Task statement: Where the data below contains pictures, omit them; output the rest word for word.

Exercise data:
# # # # #

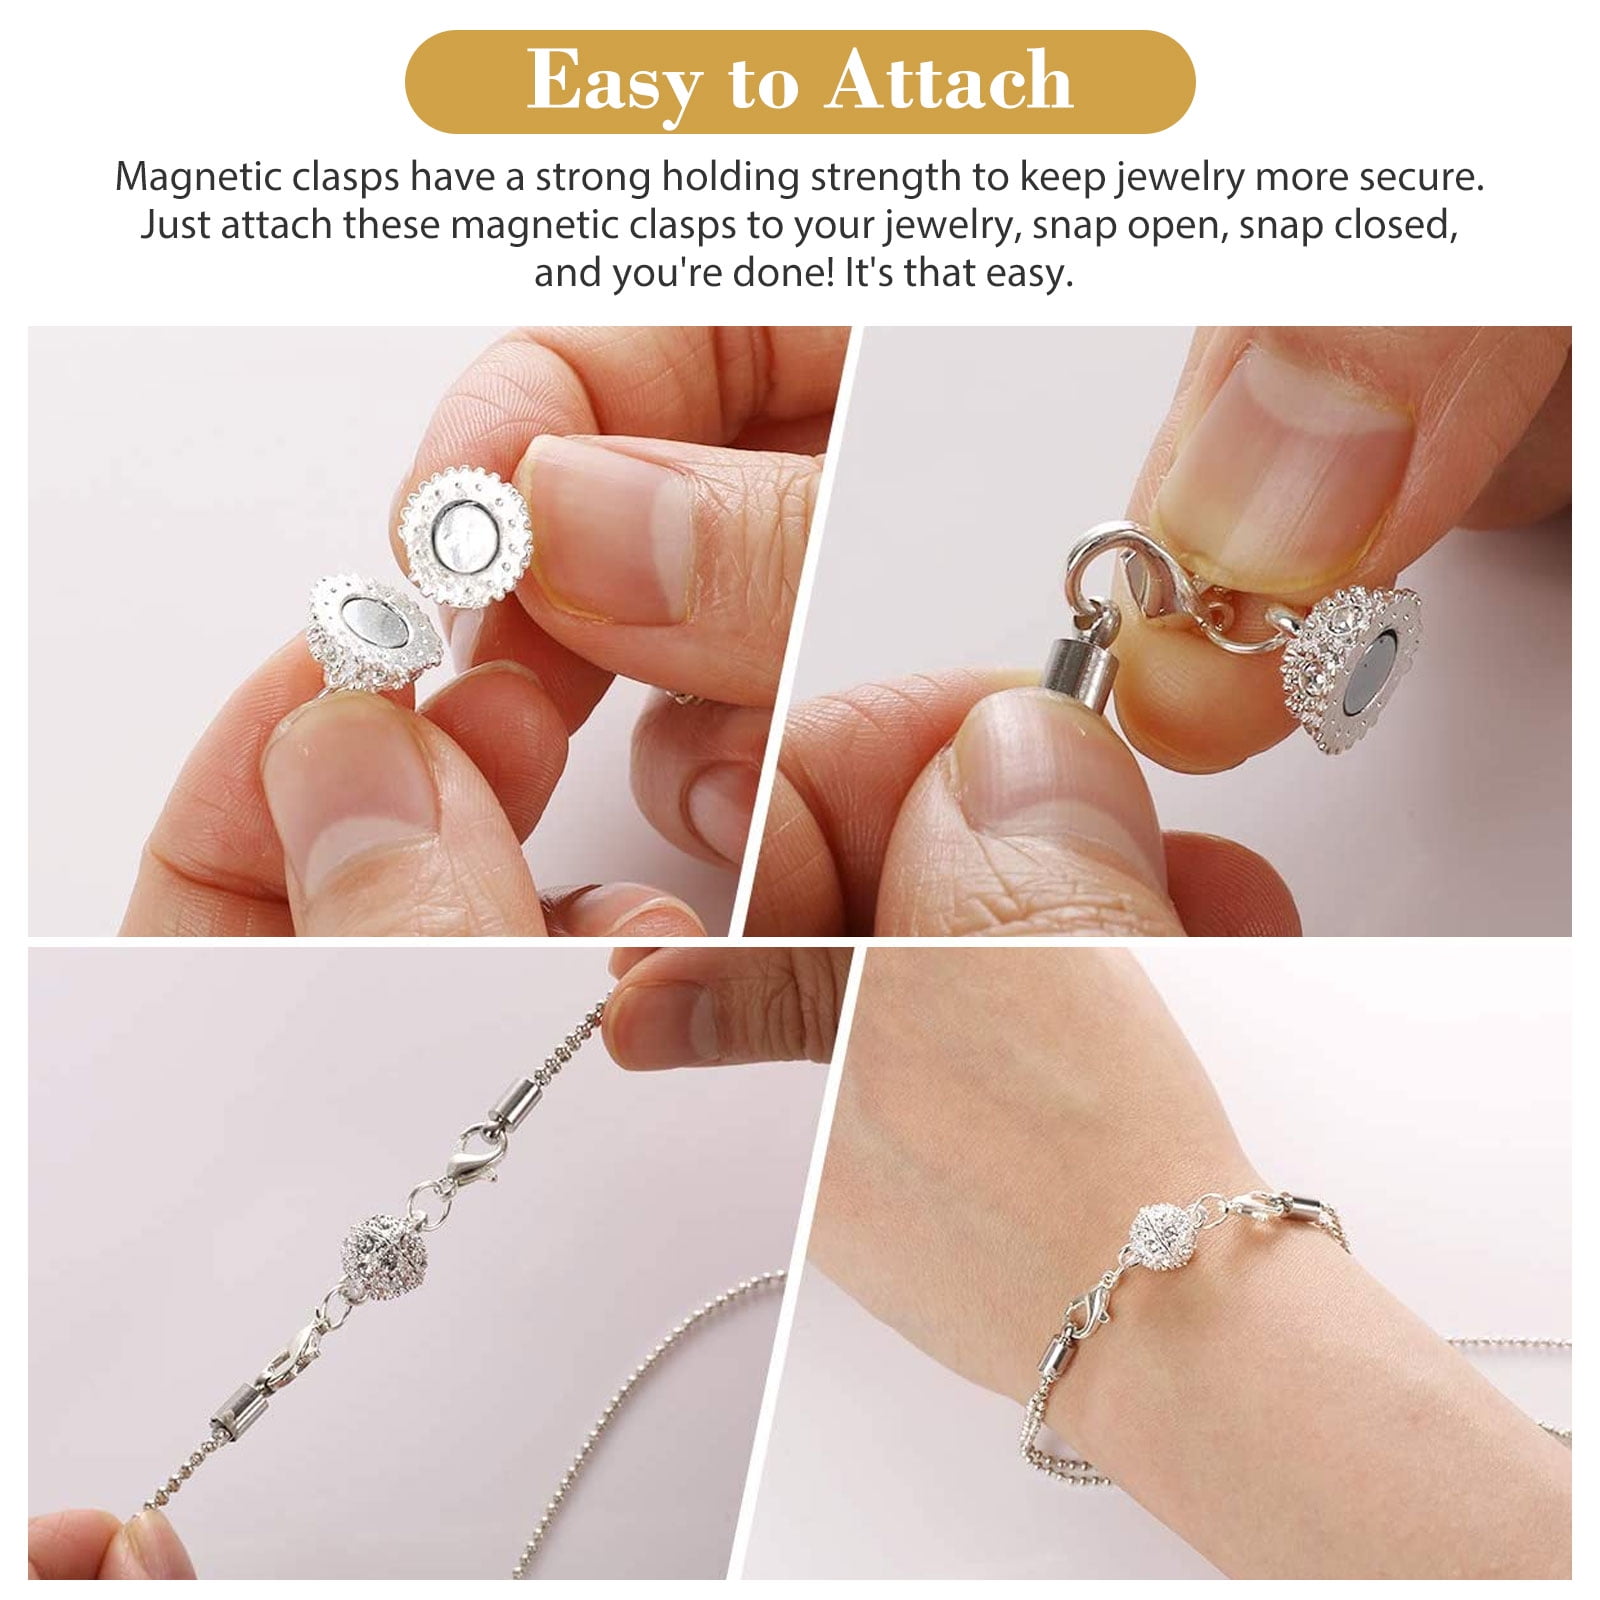 Built-In Safety Locking Magnetic Jewelry Clasp for Necklace and Bracelet Light Small Extender Lobster Clasps Pineapple Texture Metallic Finishes
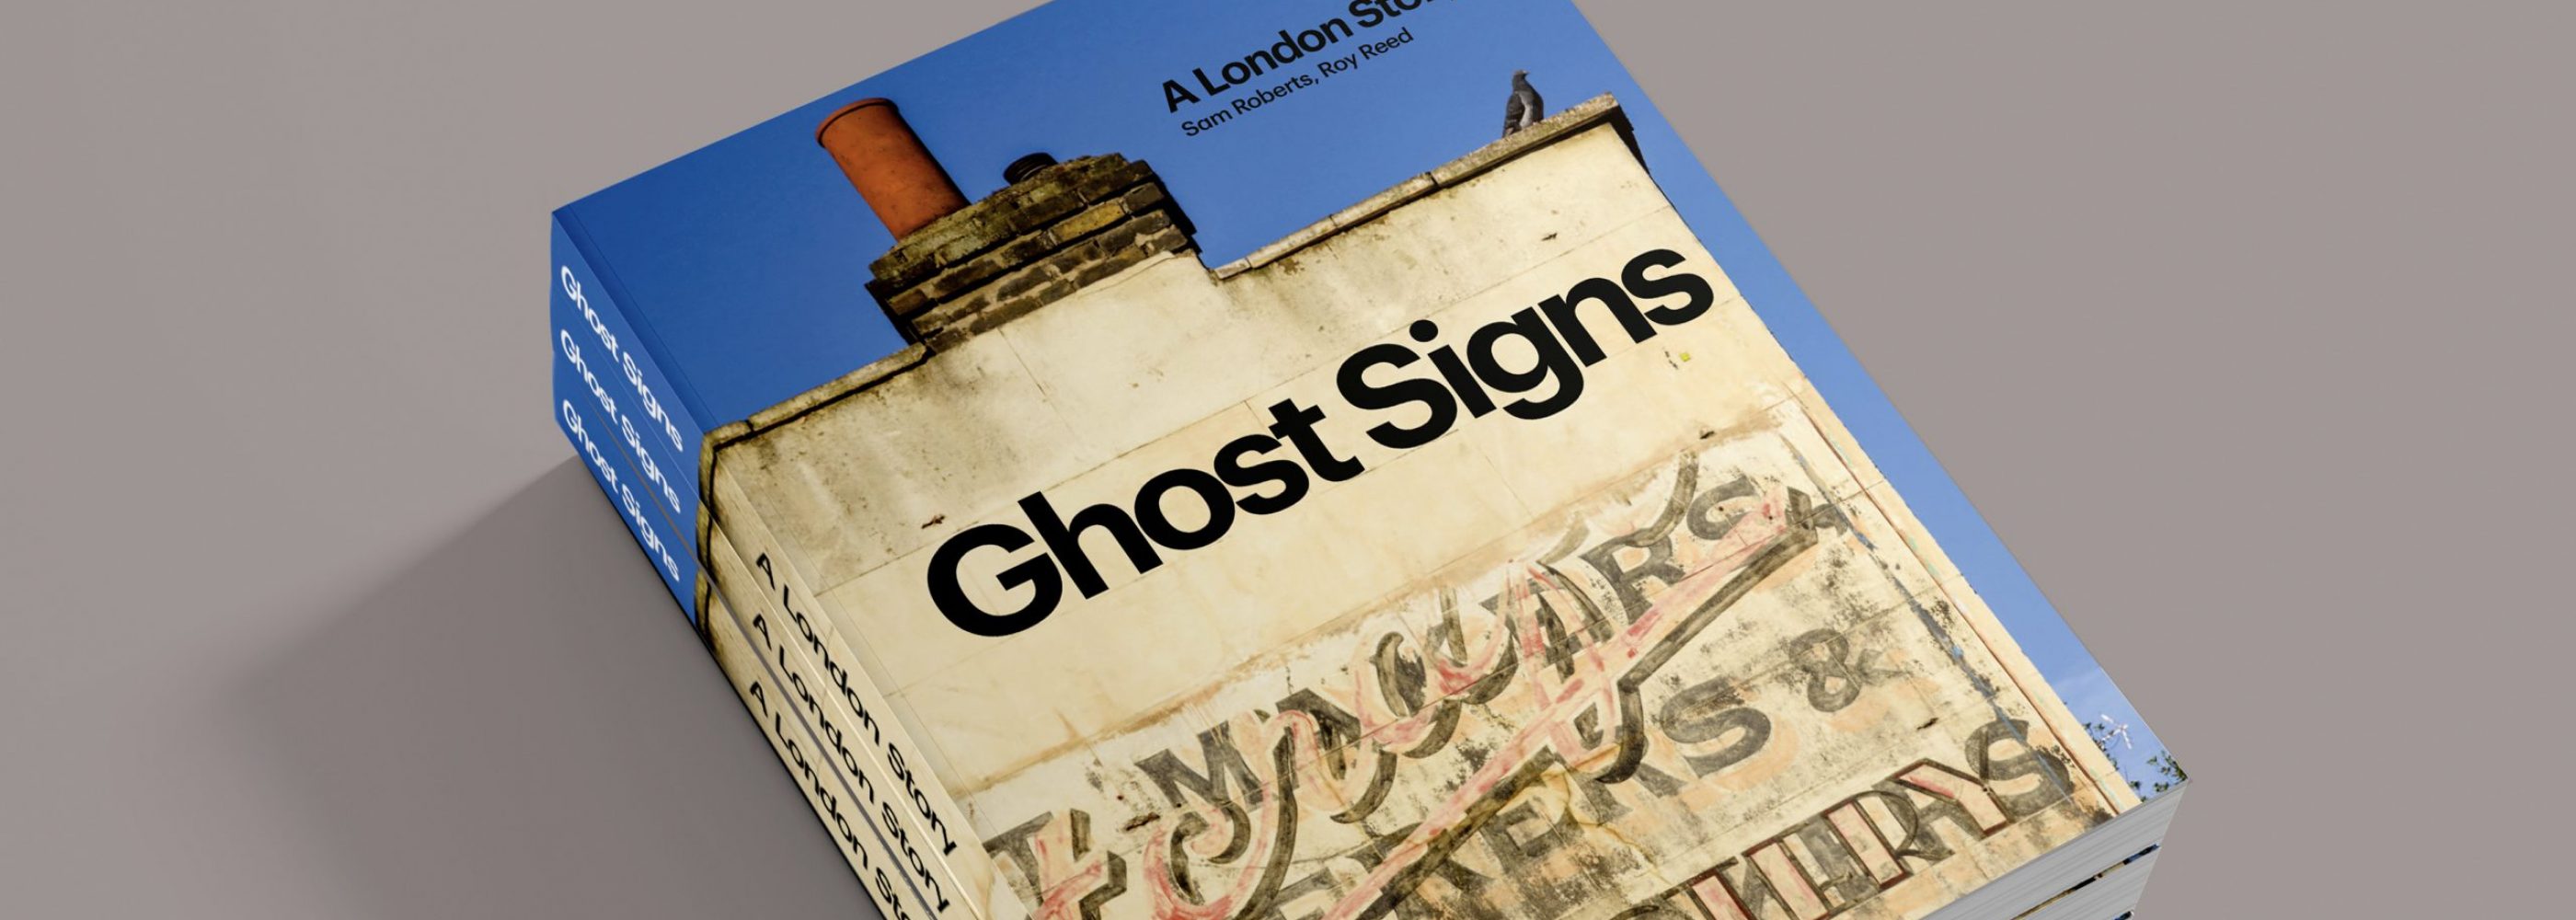 Ghost-Signs-A-London-Story-Cover-banner-1
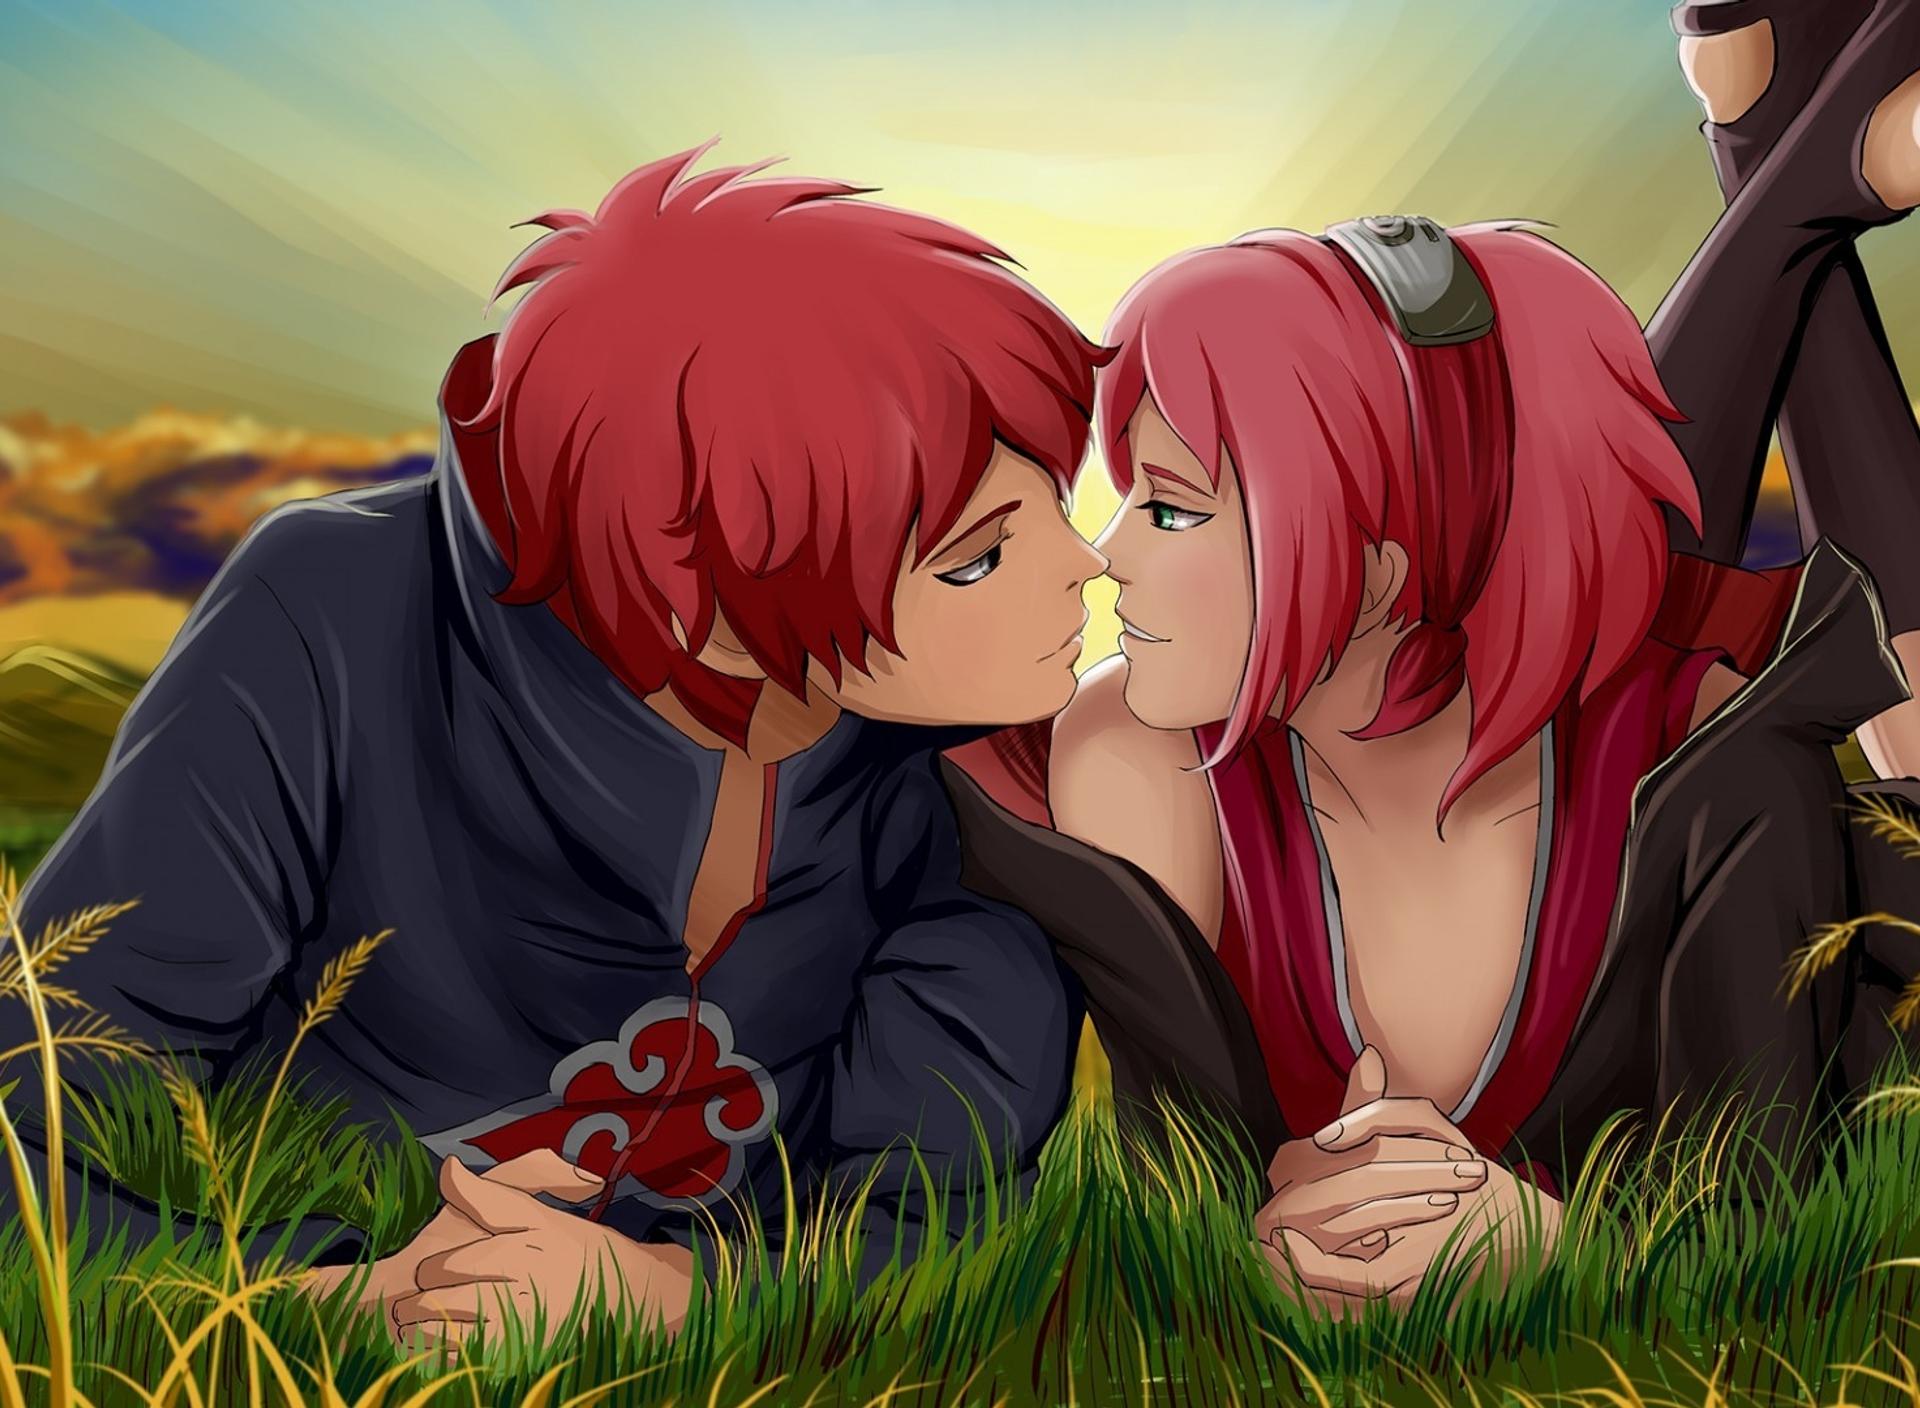 An anime couple with red hair kissing in the grass

# # # # #

Output below:
 Built-In Safety Locking Magnetic Jewelry Clasp for Necklace and Bracelet Light Small Extender Lobster Clasps Pineapple Texture Metallic Finishes
 Ghost-Signs-A-London-Story-Cover-banner-1
 An anime couple with red hair kissing in the grass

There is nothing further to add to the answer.